→ WORK INSTRUCTIONS:
Starting at the line below that contains "Toro Neu Mowers, Rear-Engine" and ending at the line that contains "Microfiber manufacturers", retype each line exactly as it stands, but omit the pictures.

→ DATA TO PROCESS:
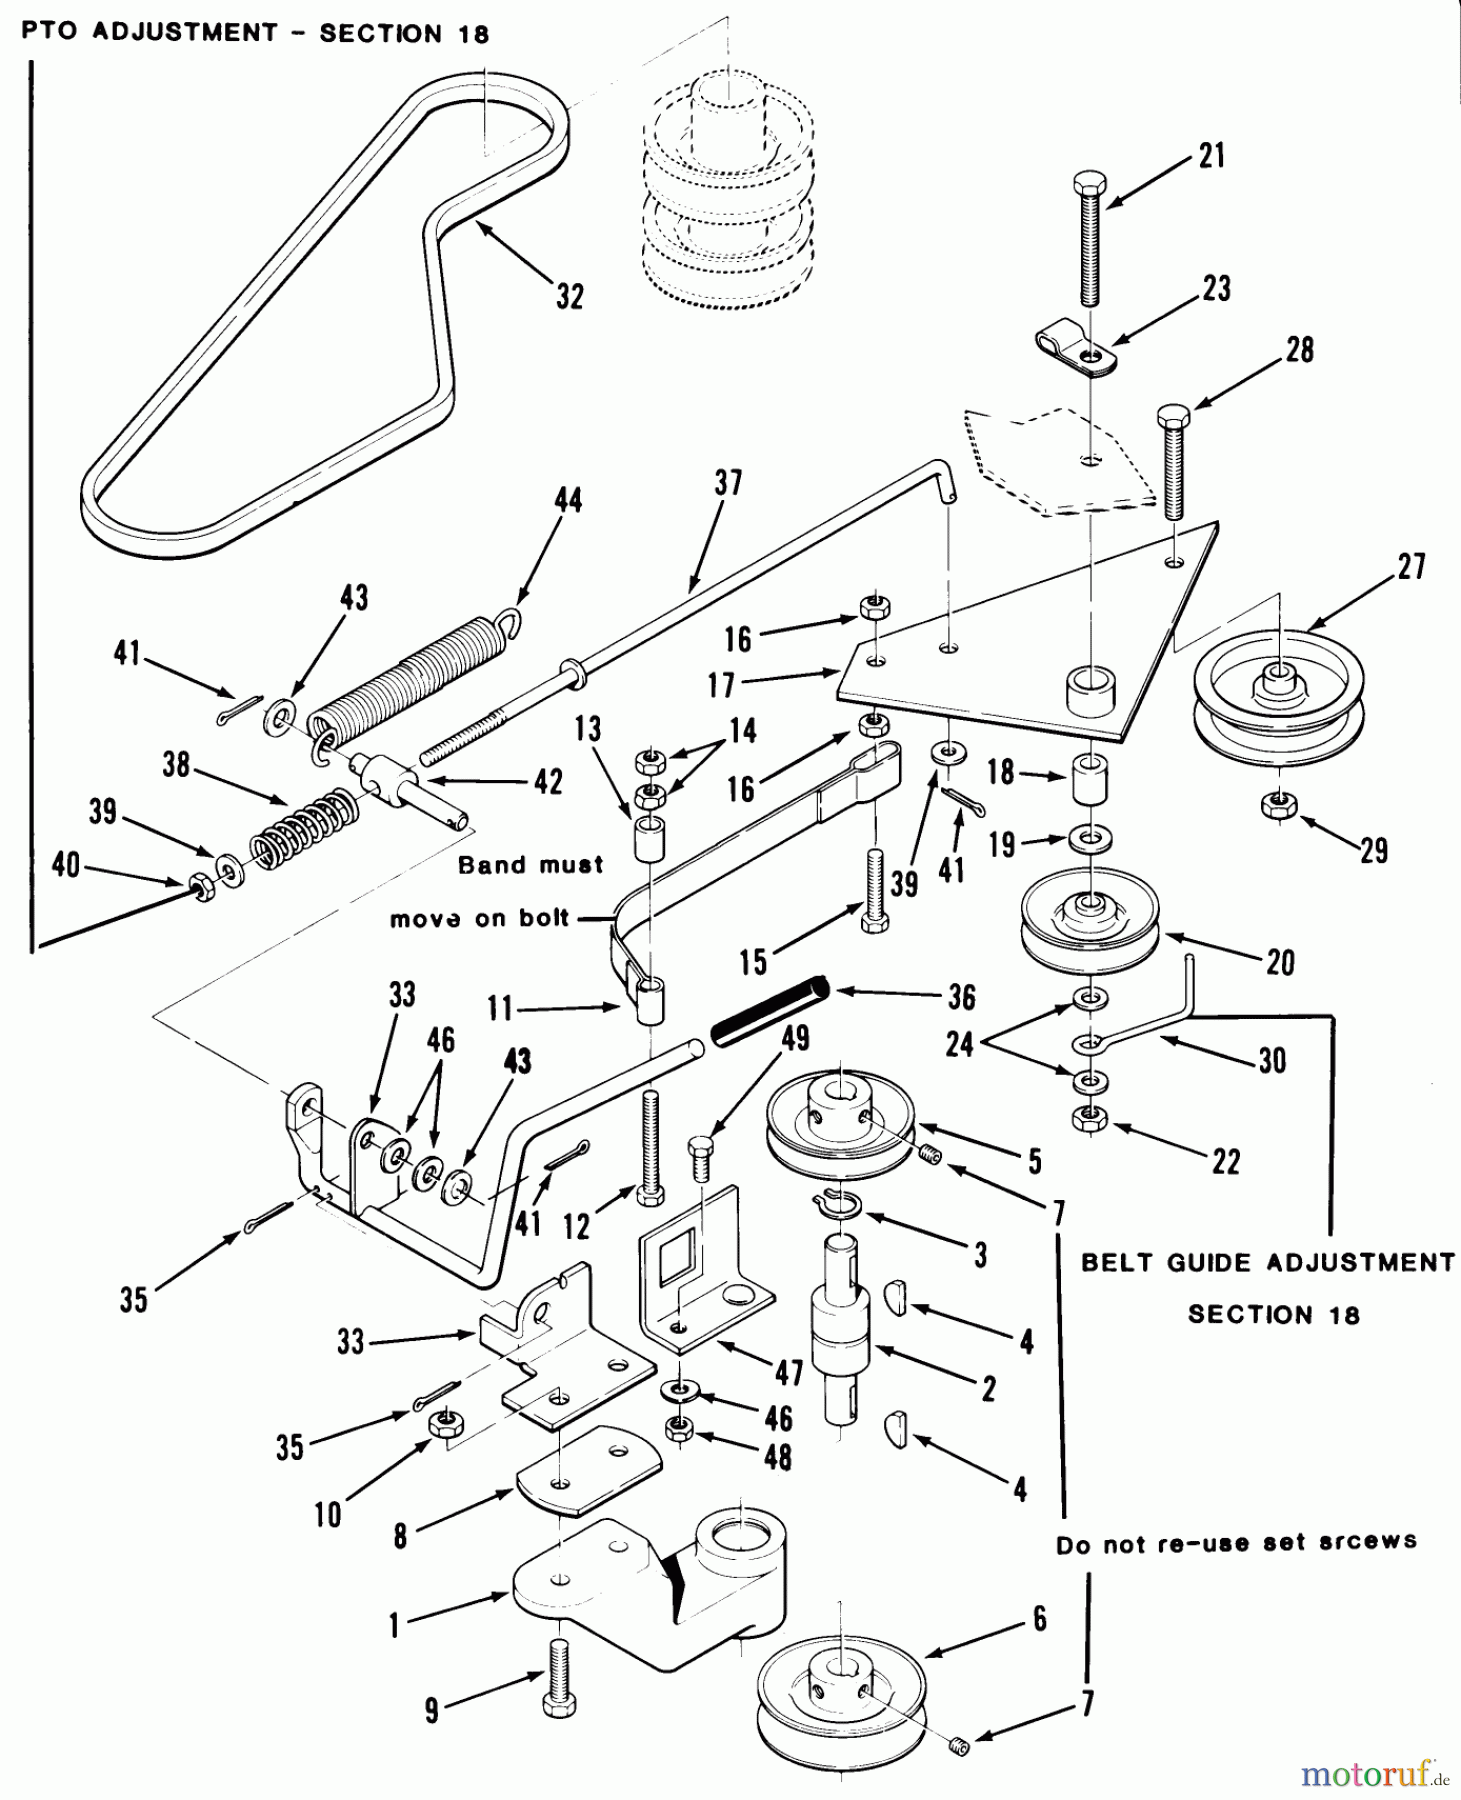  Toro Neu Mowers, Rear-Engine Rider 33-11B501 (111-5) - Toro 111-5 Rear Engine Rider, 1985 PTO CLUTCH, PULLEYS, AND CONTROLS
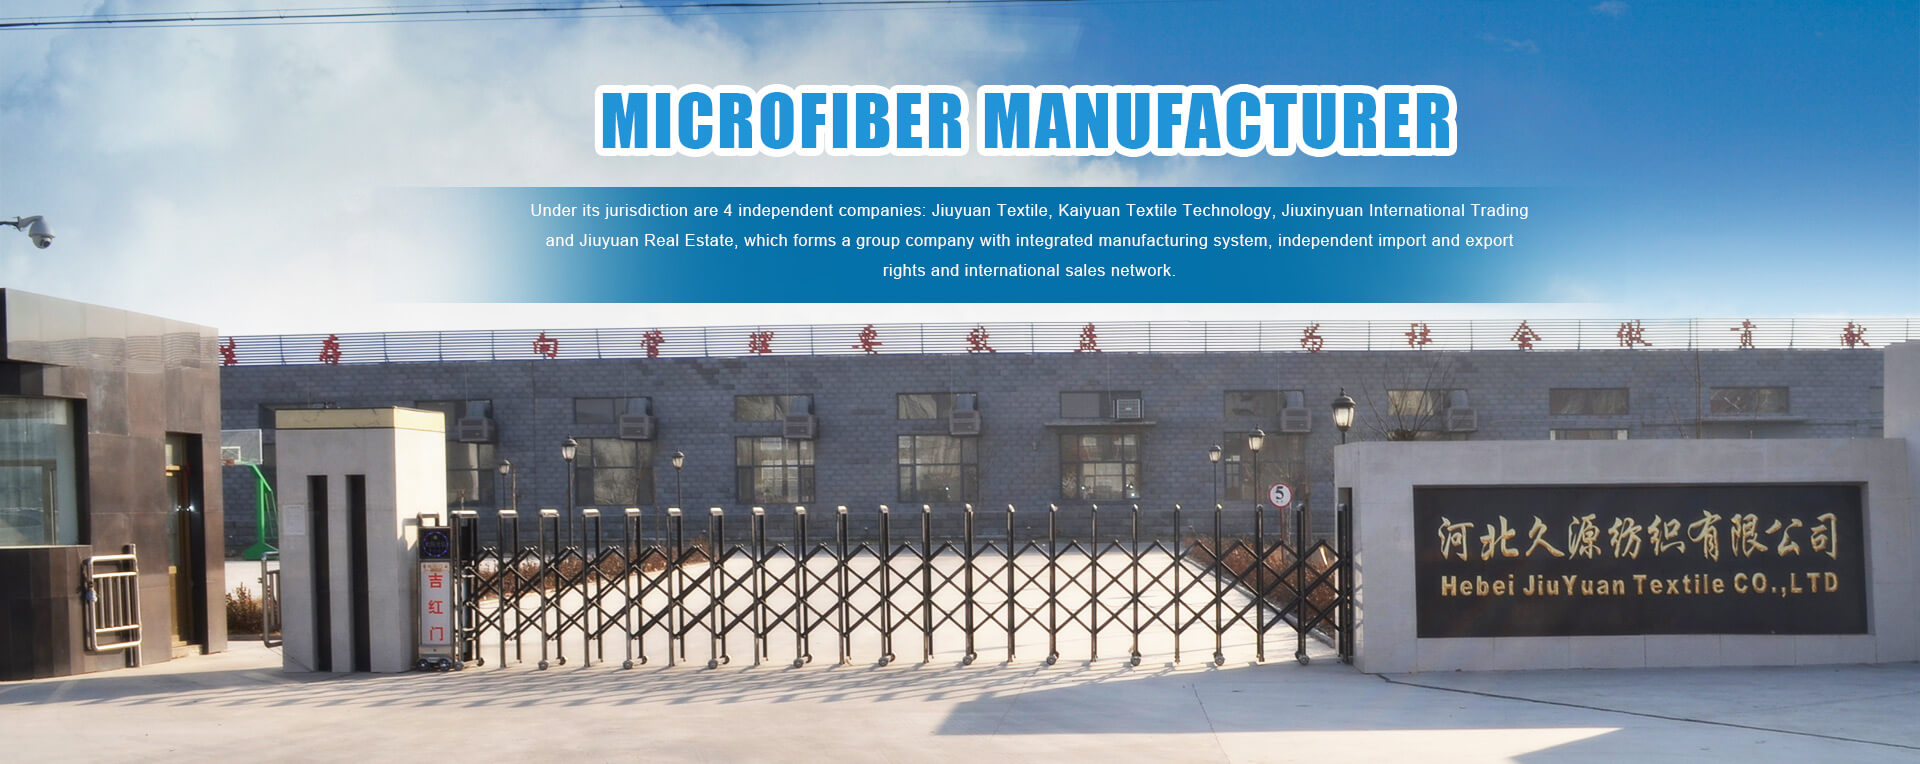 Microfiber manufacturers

==

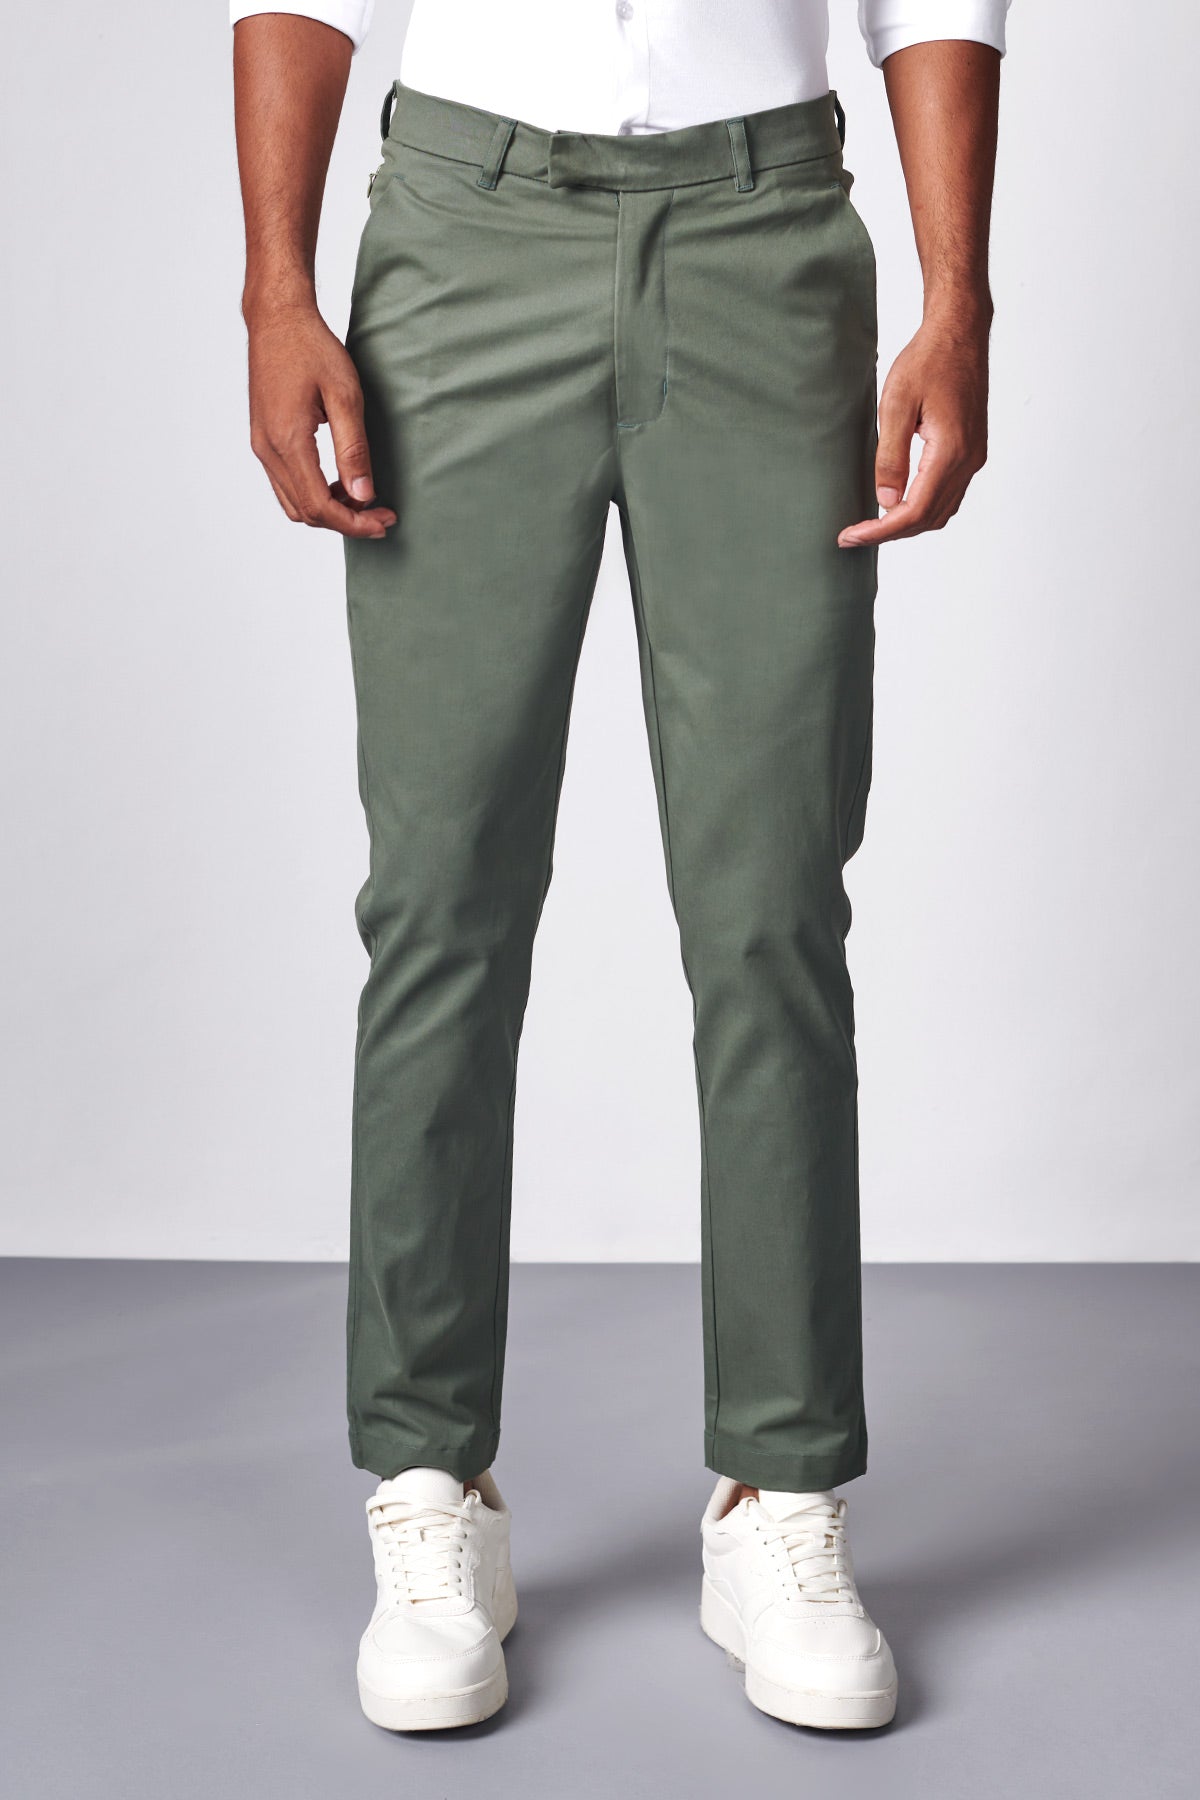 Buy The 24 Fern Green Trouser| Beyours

→ TASK RESPONSE:
  Toro Neu Mowers, Rear-Engine Rider 33-11B501 (111-5) - Toro 111-5 Rear Engine Rider, 1985 PTO CLUTCH, PULLEYS, AND CONTROLS
 Microfiber manufacturers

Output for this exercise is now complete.